A strong Nash equilibrium is a Nash equilibrium in which there is no non-empty coalition of players that could achieve a Pareto improvement for themselves (not including players outside the coalition) by switching strategies, while the strategies of the other players are held fixed. (Note: "Pareto improvement" is ambiguous as to whether it requires at least one person to become strictly better off while everyone stays at least as well off, or requires everyone to become strictly better off. Everything in this post should make sense using either definition). The prisoner's dilemma is a famous game in which there is no strong Nash equilibrium, since the only Nash equilibrium is for both players to defect, but the coalition consisting of both players could achieve a Pareto improvement by both cooperating instead. The modal combat version of the prisoner's dilemma, in which each player submits a modal agent to play on their behalf, does have strong Nash equilibria (for instance, one player using FairBot while the other uses PrudentBot), and this is part of what makes modal combat appealing. Since the presence of strong Nash equilibria in the modal combat version of the prisoner's dilemma is a selling point for modal combat, a natural question is whether or not all modal combat games have strong Nash equilibria. The answer is no. A natural followup question is whether or not all modal combat games at least have Pareto optimal Nash equilibria (equivalent to strong Nash equilibrium for 2-player games). The answer is still no, but in the second section of this post, I'll consider a better version of the question to which the answer is either "no" or "it's complicated", and I haven't yet figured out which. Let's run through a few examples.

In matching pennies, there are two players, each of which can play $H$ or $T$. If both players do the same thing, then player 1 wins, and if they do opposite things, then player 2 wins. This is a zero-sum game, and hence so is its modal combat version. In two-player zero-sum games, every Nash equilibrium is a strong Nash equilibrium. However,

Theorem 1: In the modal combat version of matching pennies, for any strategy (i.e. probability distribution over modal agents) for either player, there is a strategy for the other player that gets their probability of victory arbitrarily close to $1$. Consequently, there is no Nash equilibrium.

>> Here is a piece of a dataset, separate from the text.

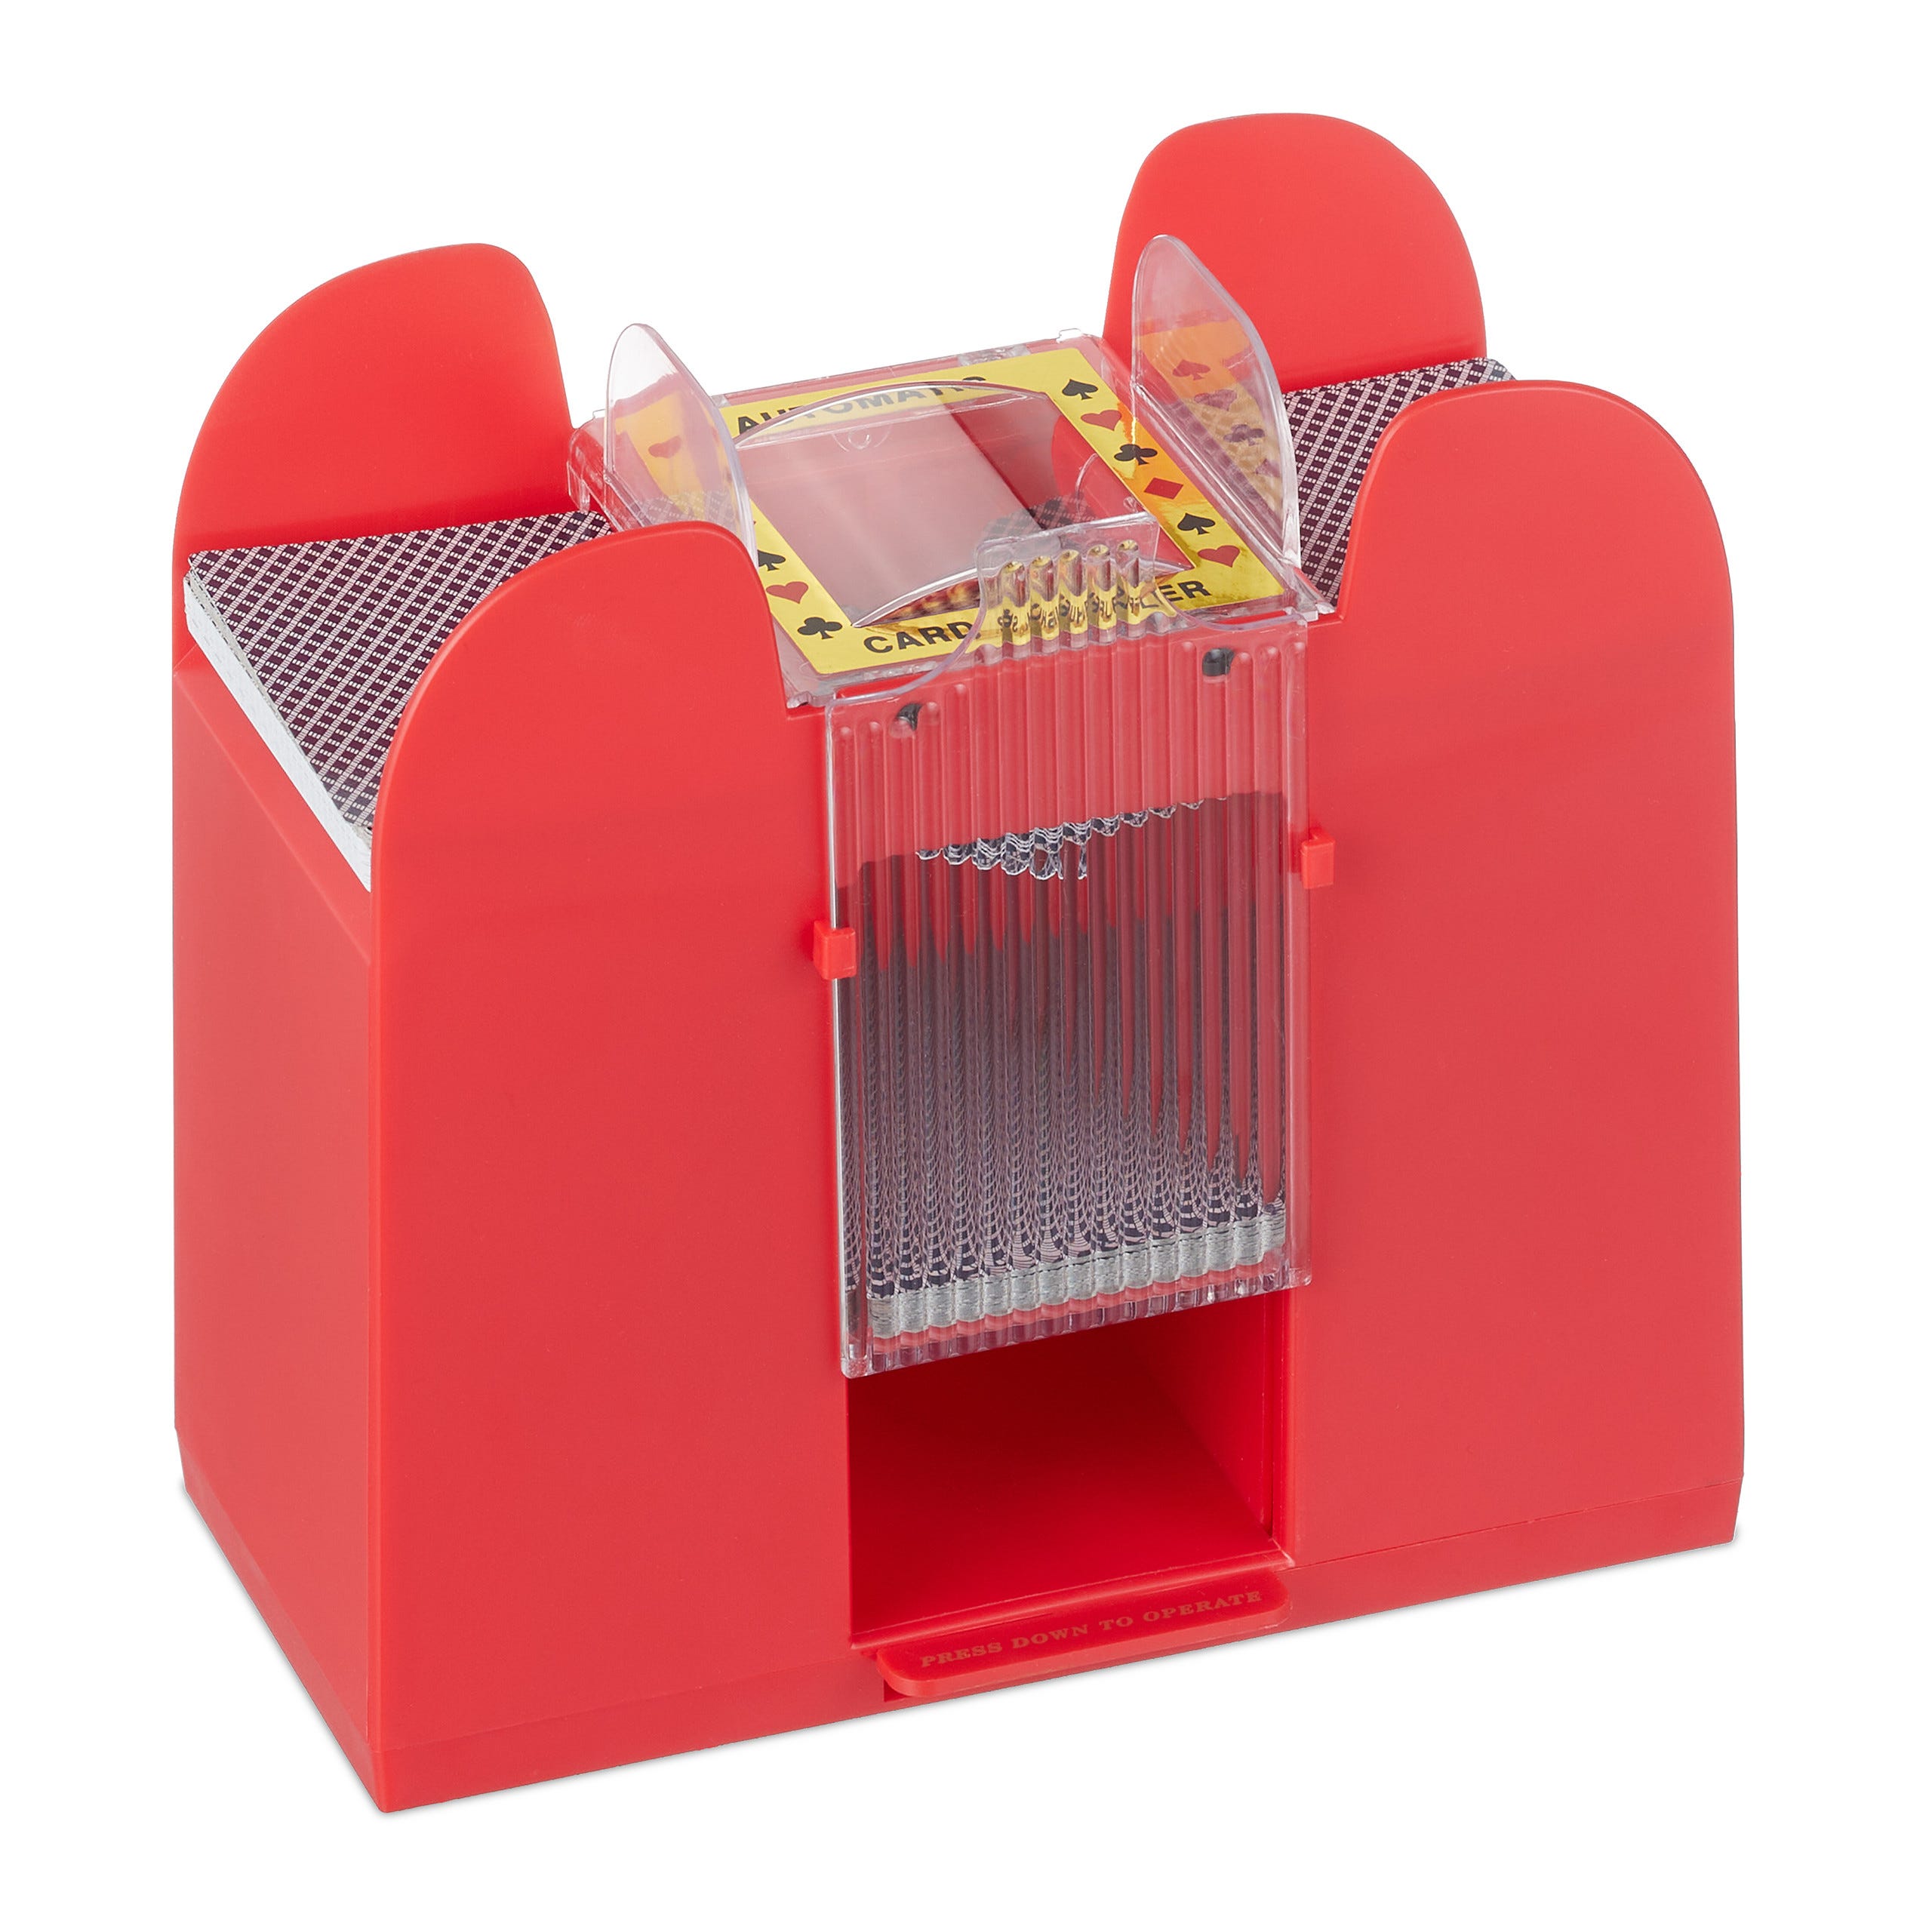 Relaxdays Mescolatore Automatico per Carte da Gioco, Mischiacarte 6 Mazzi,  Distributore in Plastica Card Shuffler, Rosso

Proof: Lemma: For any finite set of modal agents of one player type, there is a modal agent of the other player type that wins against all of them.

Lemma$⟹$Theorem 1: Since there are only countably many modal agents to choose from, for any mixed strategy, there must be a finite set of modal agents such that the probability of playing an agent from the set exceeds $1-\epsilon$. The other player can play a modal agent that defeats all of these, and thus wins with probability greater than $1-\epsilon$. Thus a Nash equilibrium would have to allow both players to win with probability $1$, which is impossible.

Sublemma: In the Kripke frame with worlds $\{w_n|n\in N\}$ such that $w_n$ is accessible to $w_m$ iff $n<m$, the behavior of a modal agent must be eventually constant, no matter how the other player behaves in each world.

Sublemma$⟹$Lemma: Consider the agent PerseveranceBot, which, in $w_{n+1}$, takes the action that would defeat what its opponent did in $w_n$. PerseveranceBot is not a modal agent, but if it plays against a modal agent, then its opponent, and consequently PerseveranceBot, will behave in a way that is eventually constant. Thus, for any finite set of modal agents, there is some $N$ such that against any of the agents in the set, PerseveranceBot behaves the same in $w_n$ and $w_m$ whenever $n,m\ge N$. Let $N$PerseveranceBot be the agent which, in $w_{n+1}$, takes the action that would defeat what its opponent did in $w_{min(n,N)}$. $N$PerseveranceBot can be implemented as a modal agent, and behaves identically to PerseveranceBot against its finite set of opponents, thus defeating all of them.

Proof of Sublemma: If $\phi$ is any formula, then the truth value of $\square \phi$ in $w_n$ can only change at most once as $n$ increases, since if $w_n\models \neg \square \phi$, then $w_k\models \neg \phi$ for some $k<n$, and hence $w_m\models \neg \square \phi$ for all $m>n$. The behavior of a modal agent is given by some fully modalized formula (in terms of atomic formulas about its opponent's behavior). Since the formula is fully modalized, it is a Boolean combination of formulas of the form $\square \phi$, and thus can only change truth-values finitely many times as $n$ increases. $\square$

It's clear what the problem is here: although the players can use randomness to select the modal agent they use, the modal agents themselves are deterministic. If a modal agent was allowed to randomize its move, it could play the Nash equilibrium for matching pennies (that is, equal probabilities of $H$ and $T$), and playing this modal agent would be a Nash equilibrium (and hence a strong Nash equilibrium) in the modal combat version of the game. This will be formalized in the second section of this post.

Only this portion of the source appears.